Sunday, August 22, 2010

Listen up, mayor and the NY Times

The Times ran an editorial last week, "Parents need to know", which claimed that NYC parents didn't understand how the weak state exams had been "shortchanging students" and that they did their "children no favor" when they disrupted a Panel for Education Policy meeting on Monday. This was after the PEP chair, David Chang, refused to let them speak in response to a long, deceptive power point that claimed, despite the collapse of the state test score bubble collapse, that the schools had made great progress.

The editorial also excused the state test score inflation by stating, "Weak state tests are a chronic problem throughout the country — one that education departments are only beginning to come to grips with." Oh please. The NY test score inflation has been obvious to nearly all objective observers since at least 2007, despite the fact that it conveniently allowed the mayor to claim great improvements during his campaigns for the renewal of mayoral control and re-election, illusions that were bought hook line and sinker by the mayor's allies on the Times and the other editorial boards.

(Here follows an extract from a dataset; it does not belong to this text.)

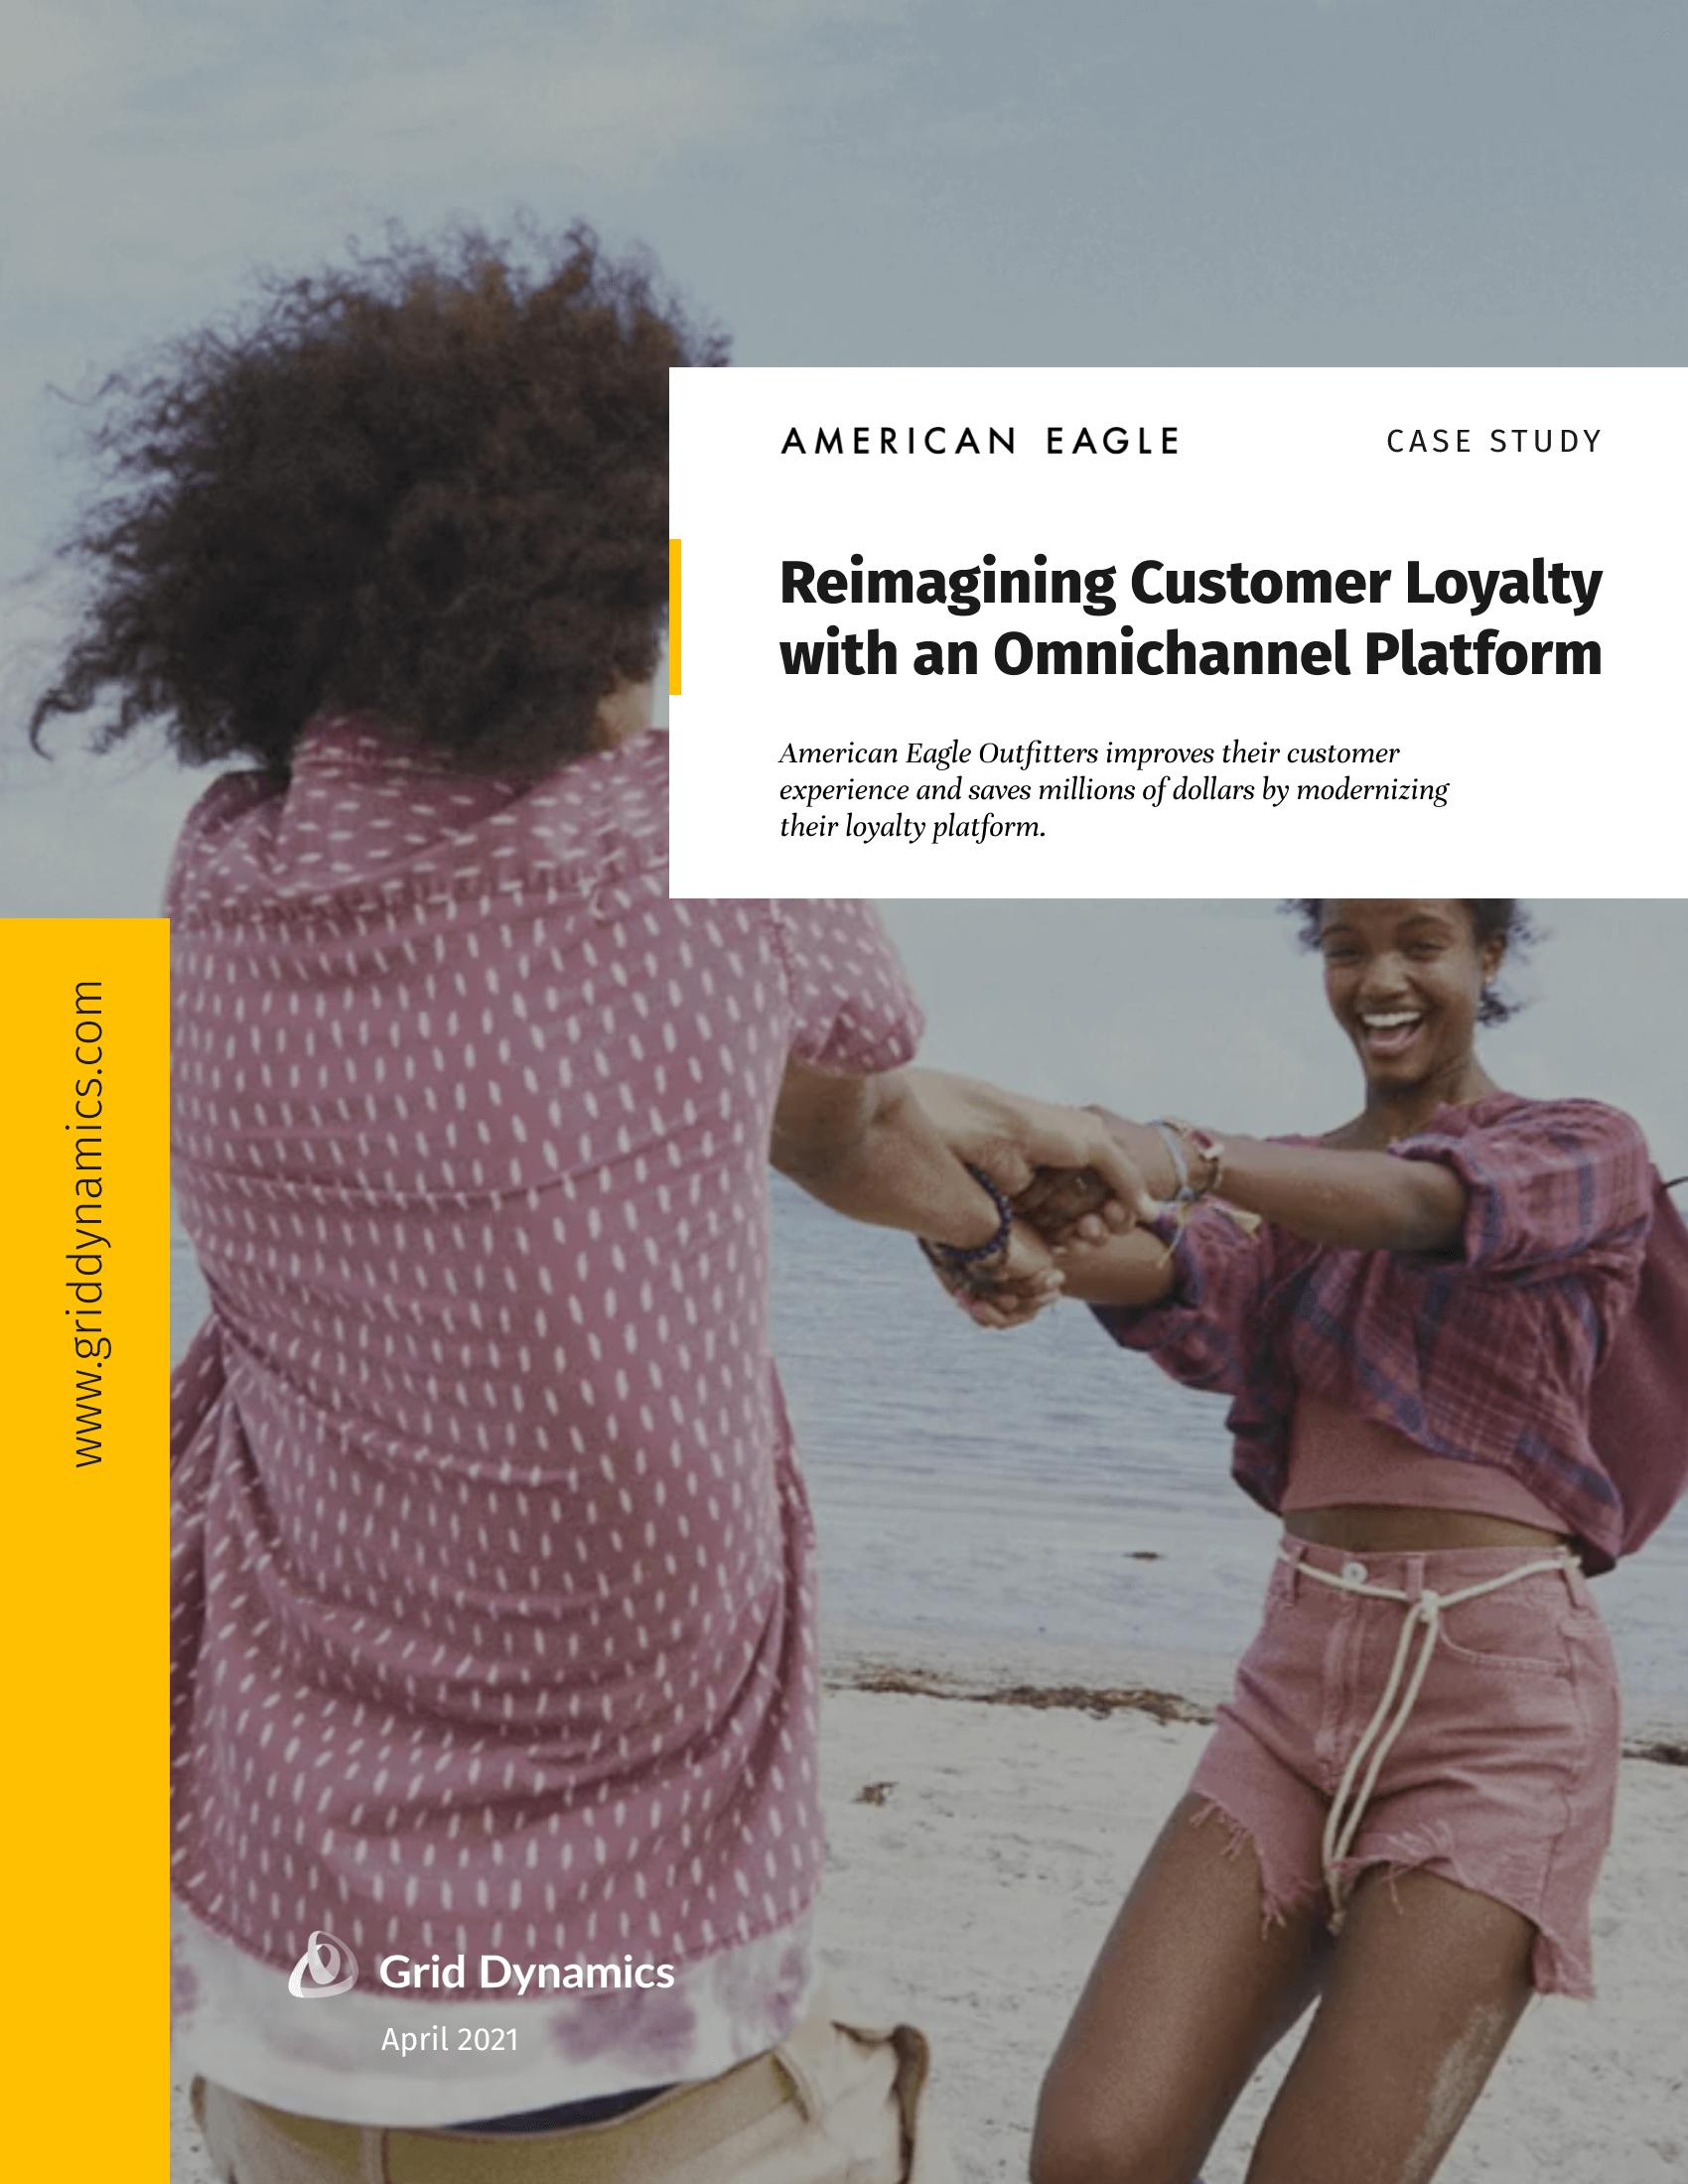 Reimaging Customer Loyalty with an Omnichannel Platform

The editorial ended by claiming that the schools have nevertheless been "narrowing the performance gap between white and minority students." Yet the gold standard, the national exams called the NAEPs, show no narrowing of the achievement gap in any grade or subject since the Klein regime began. Truly, the Times editors "need to know" and start living in the real world, for they, along with the chancellor and mayor, have lost all credibility, and should stop criticizing parents while displaying their ignorance of what's really going on in our schools.Our mayor, who famously said people could "boo him at parades" if people didn't like his educational policies, will likely see more booing of his Panel of Eight Puppets in the months to come, unless he wakes up and starts to listen.